An exact restatement of the data is required, with the images omitted.

**Supplied material**:
------------------------------------
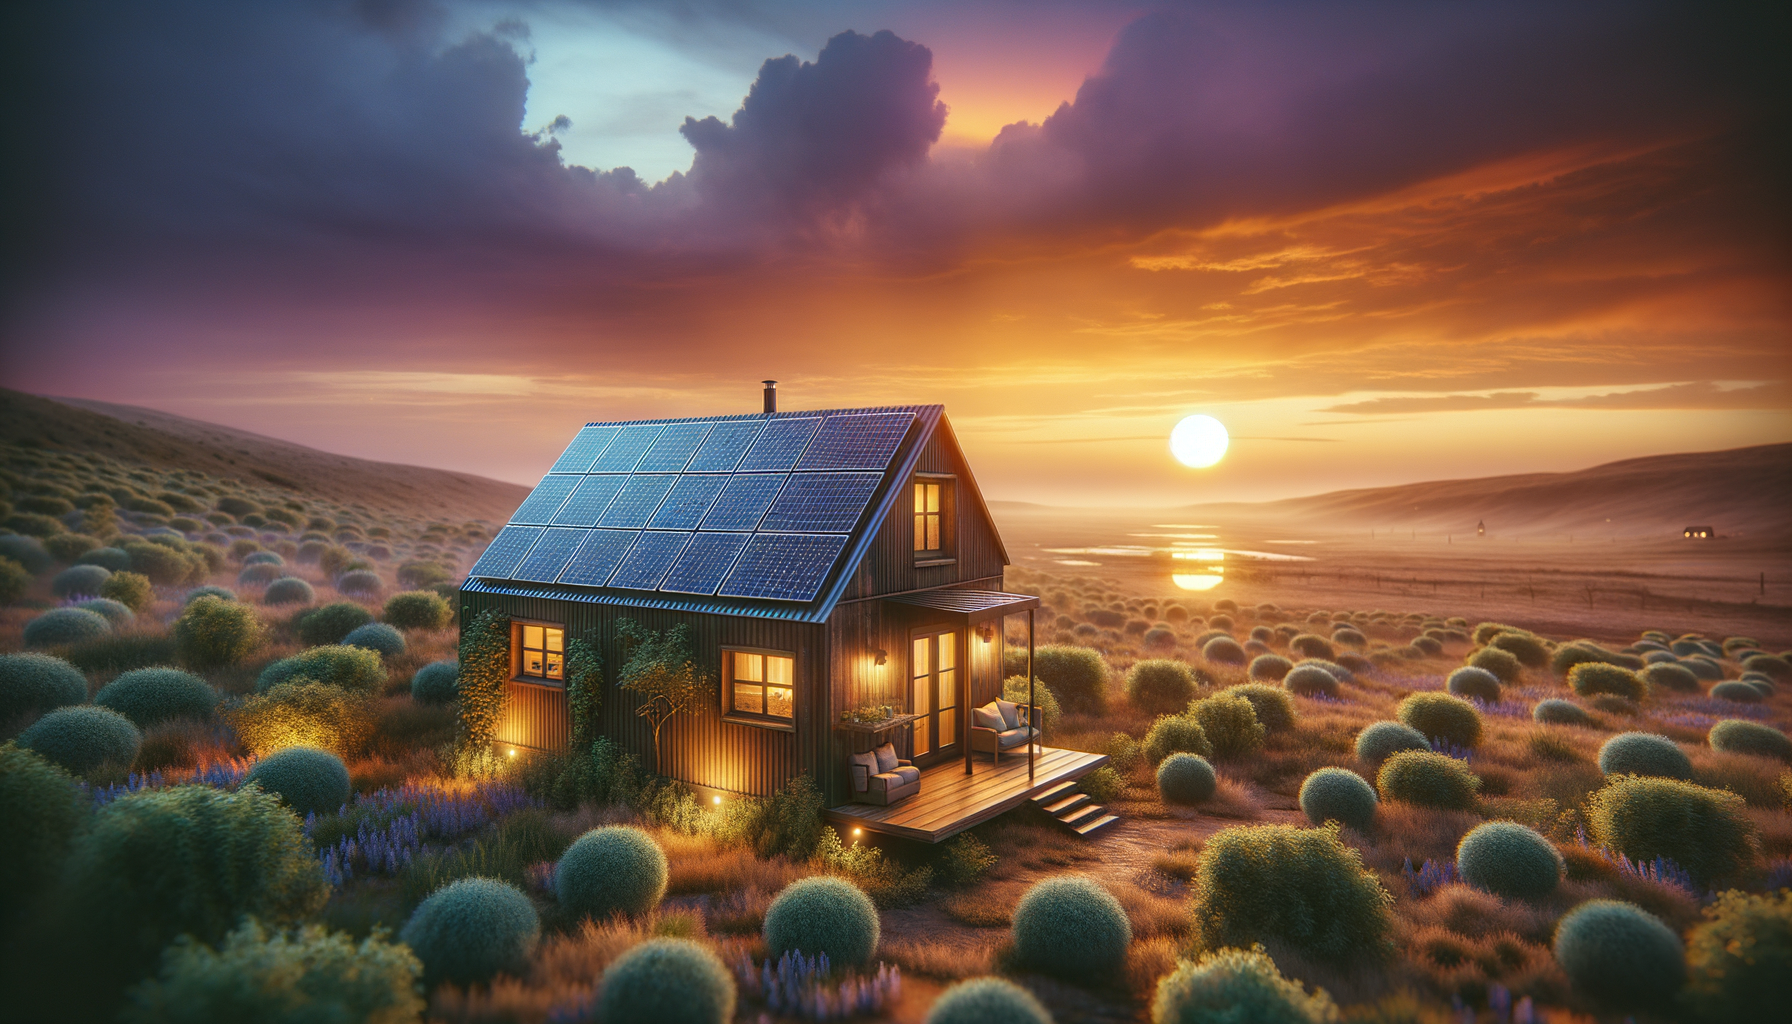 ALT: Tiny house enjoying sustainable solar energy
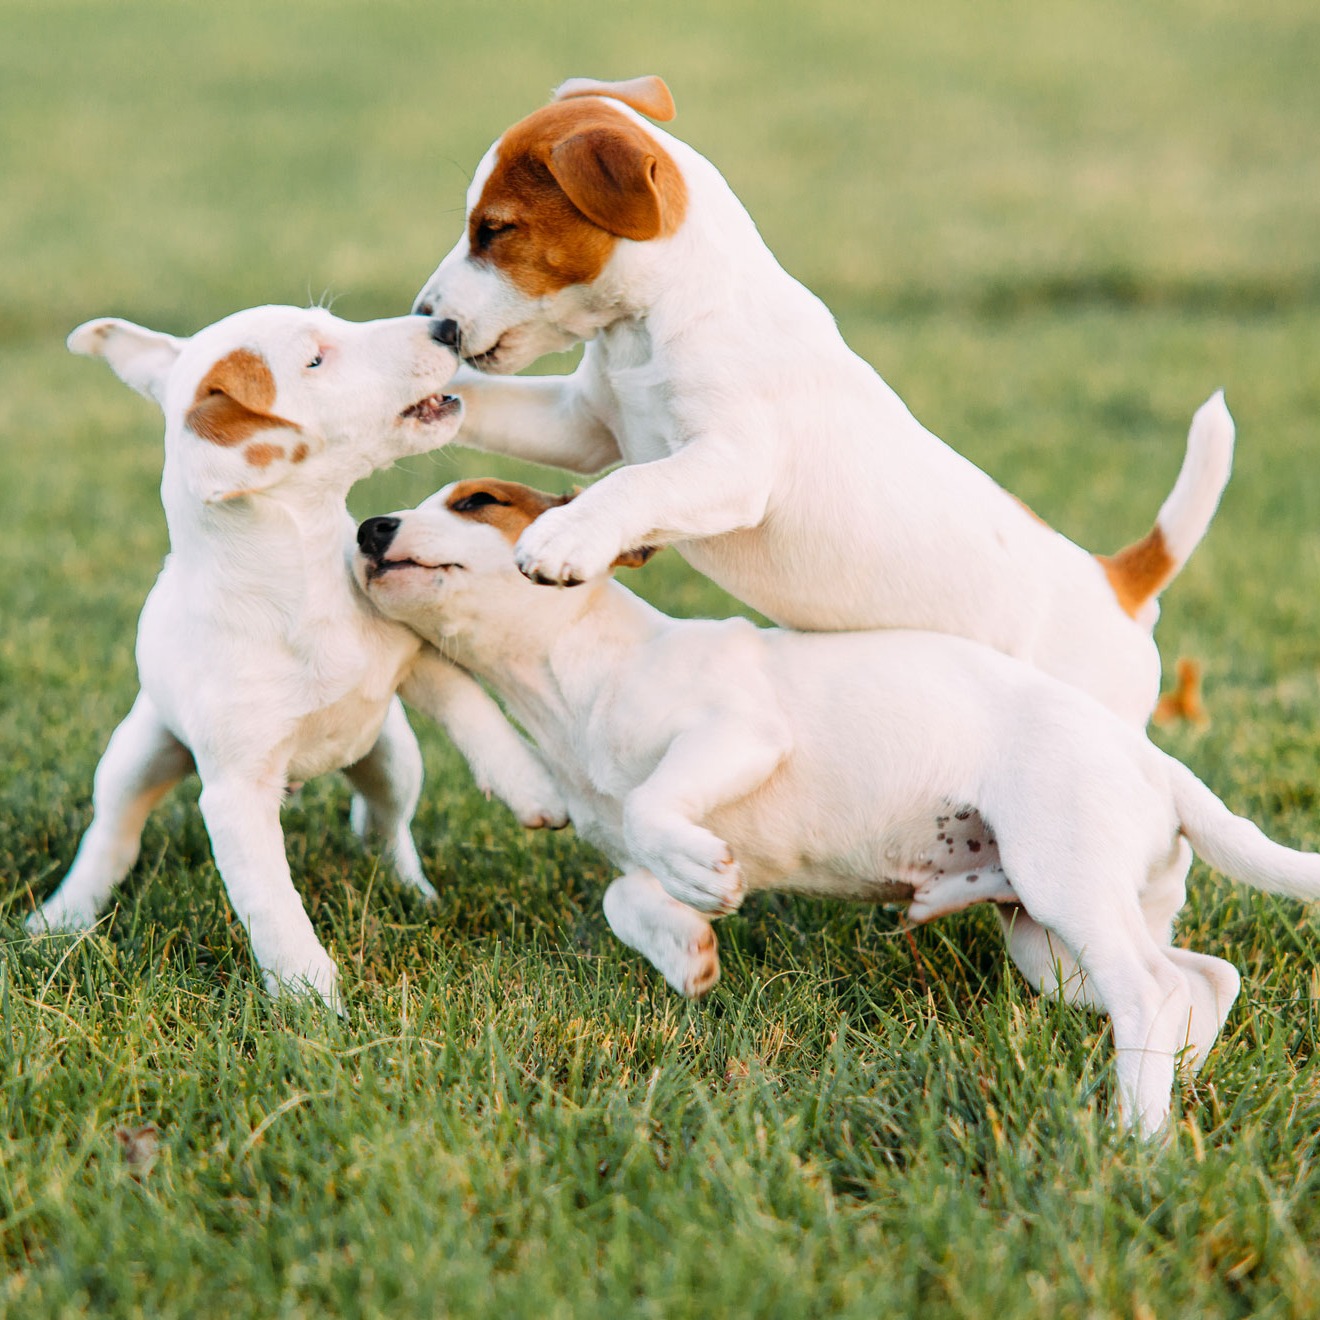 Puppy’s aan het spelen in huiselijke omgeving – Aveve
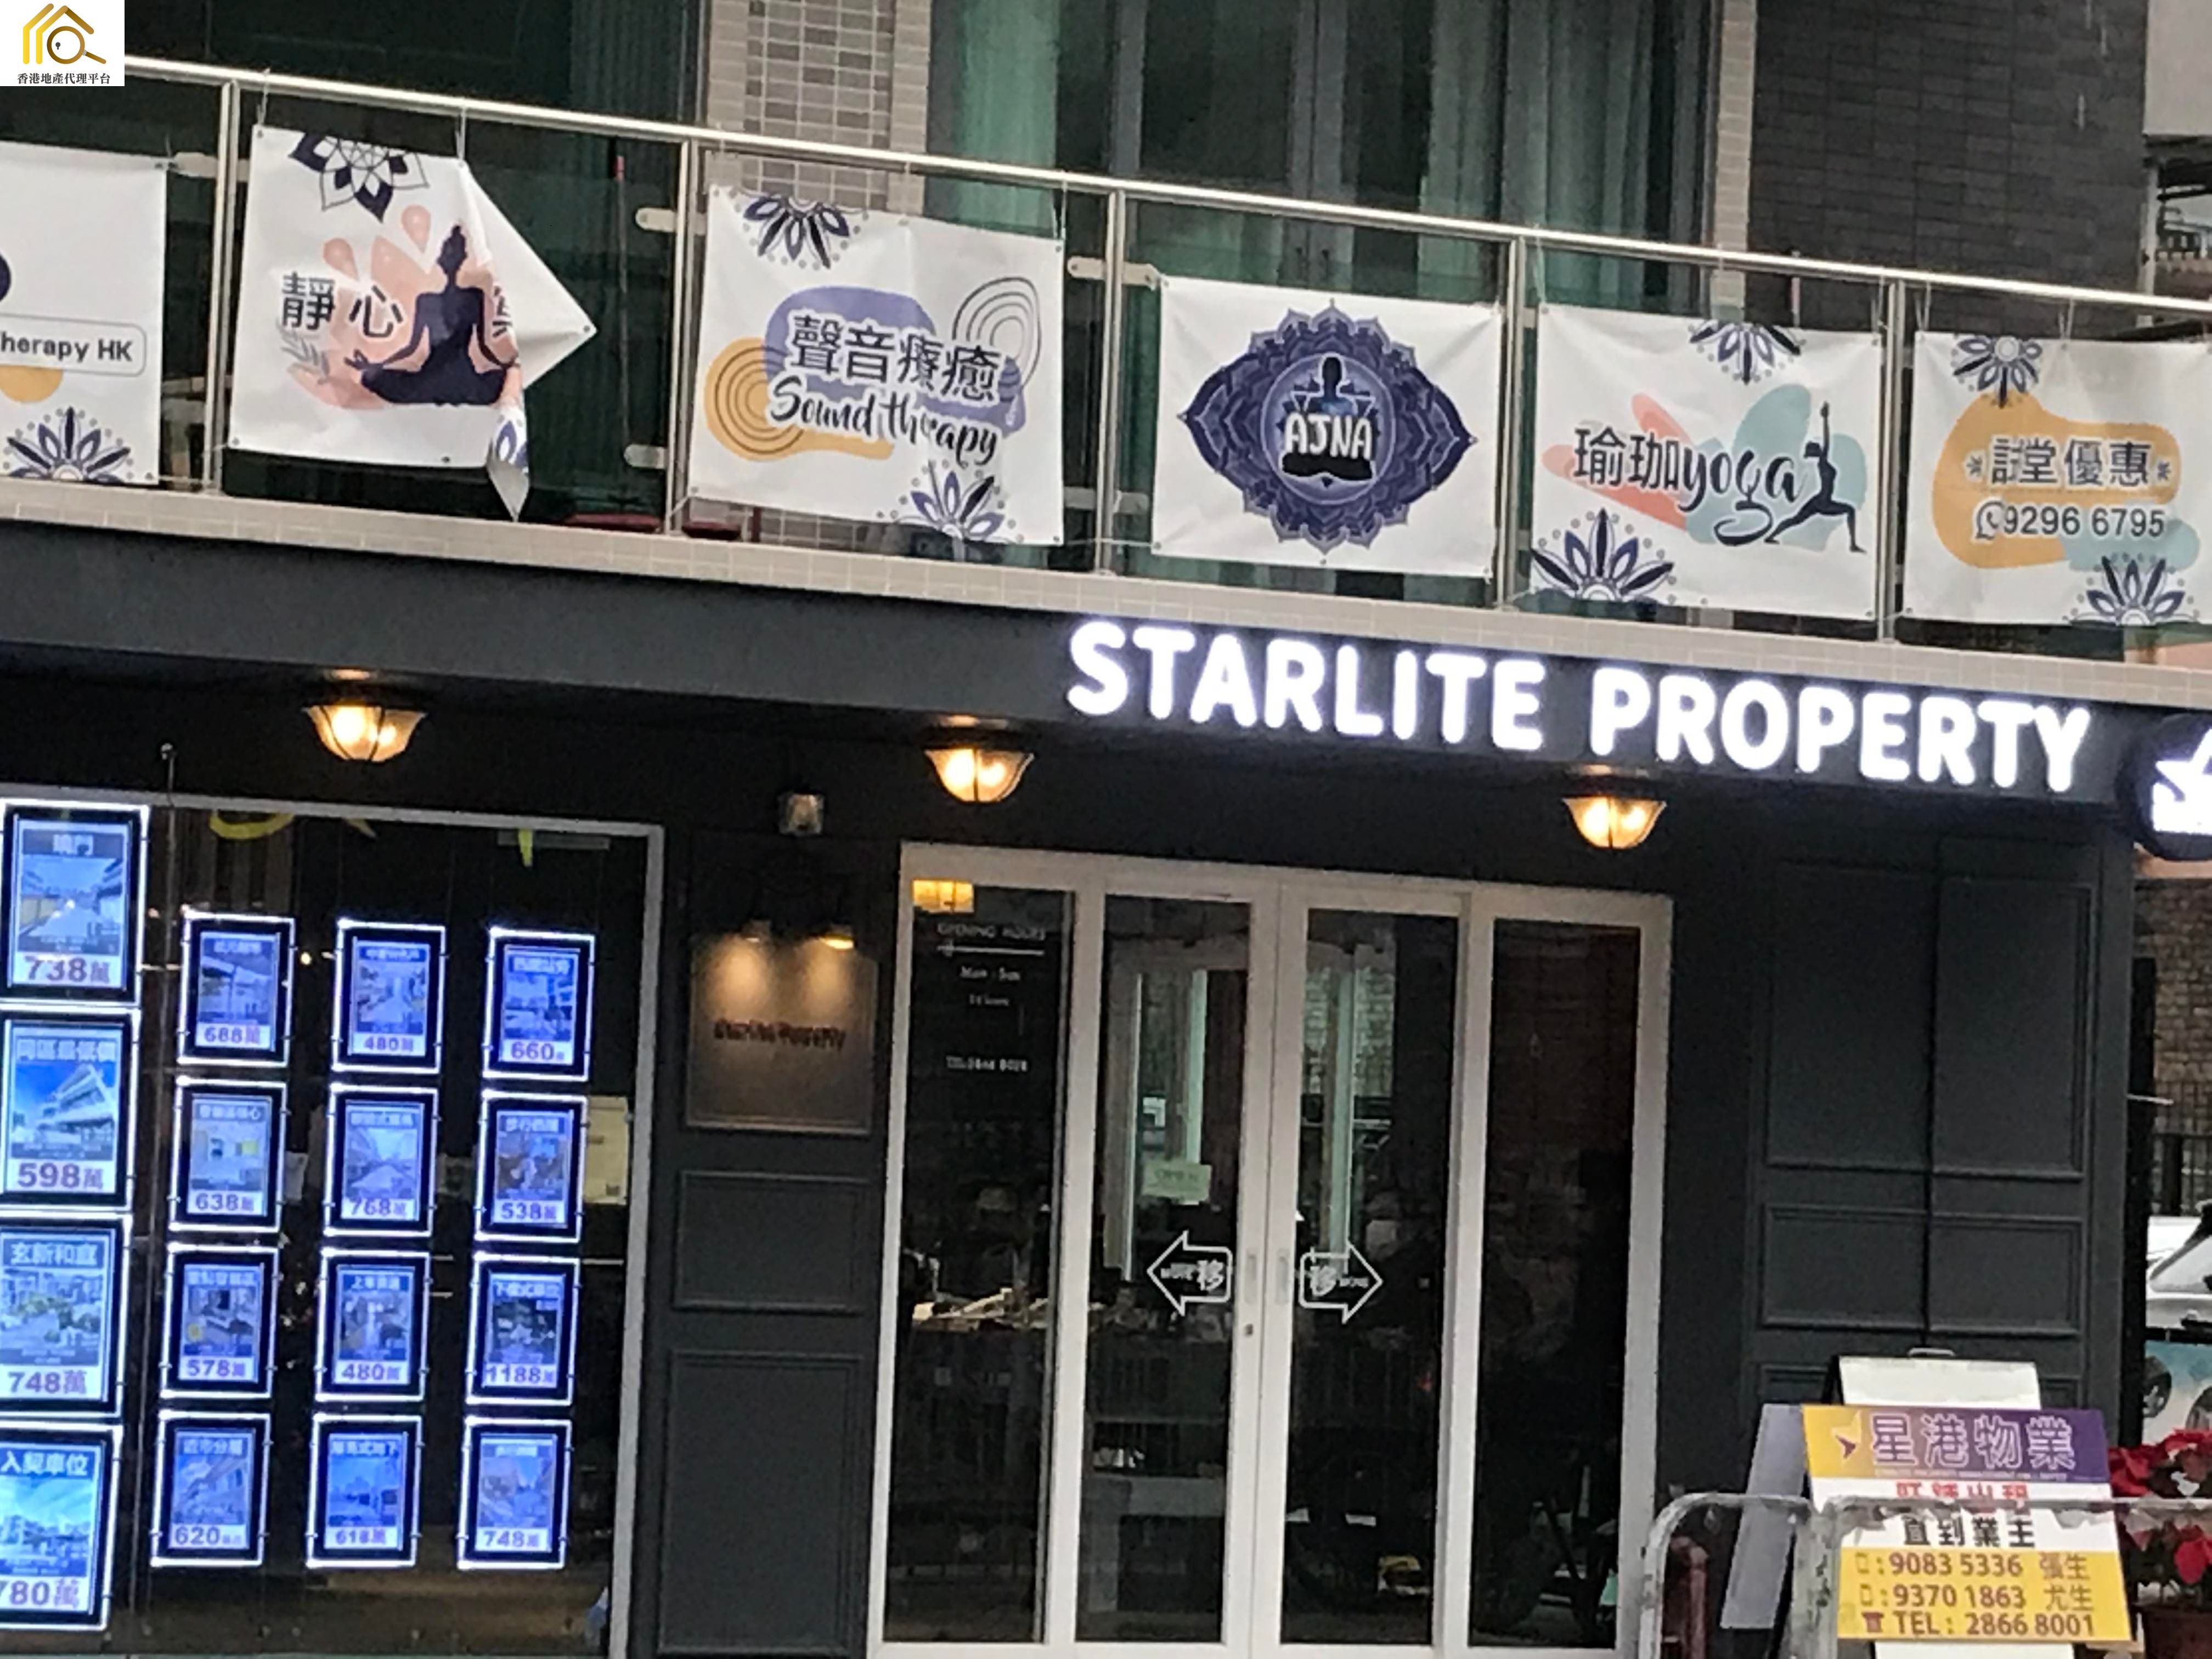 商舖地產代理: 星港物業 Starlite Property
------------------------------------
**Exercise answer**:
 ALT: Tiny house enjoying sustainable solar energy
 Puppy’s aan het spelen in huiselijke omgeving – Aveve
 商舖地產代理: 星港物業 Starlite Property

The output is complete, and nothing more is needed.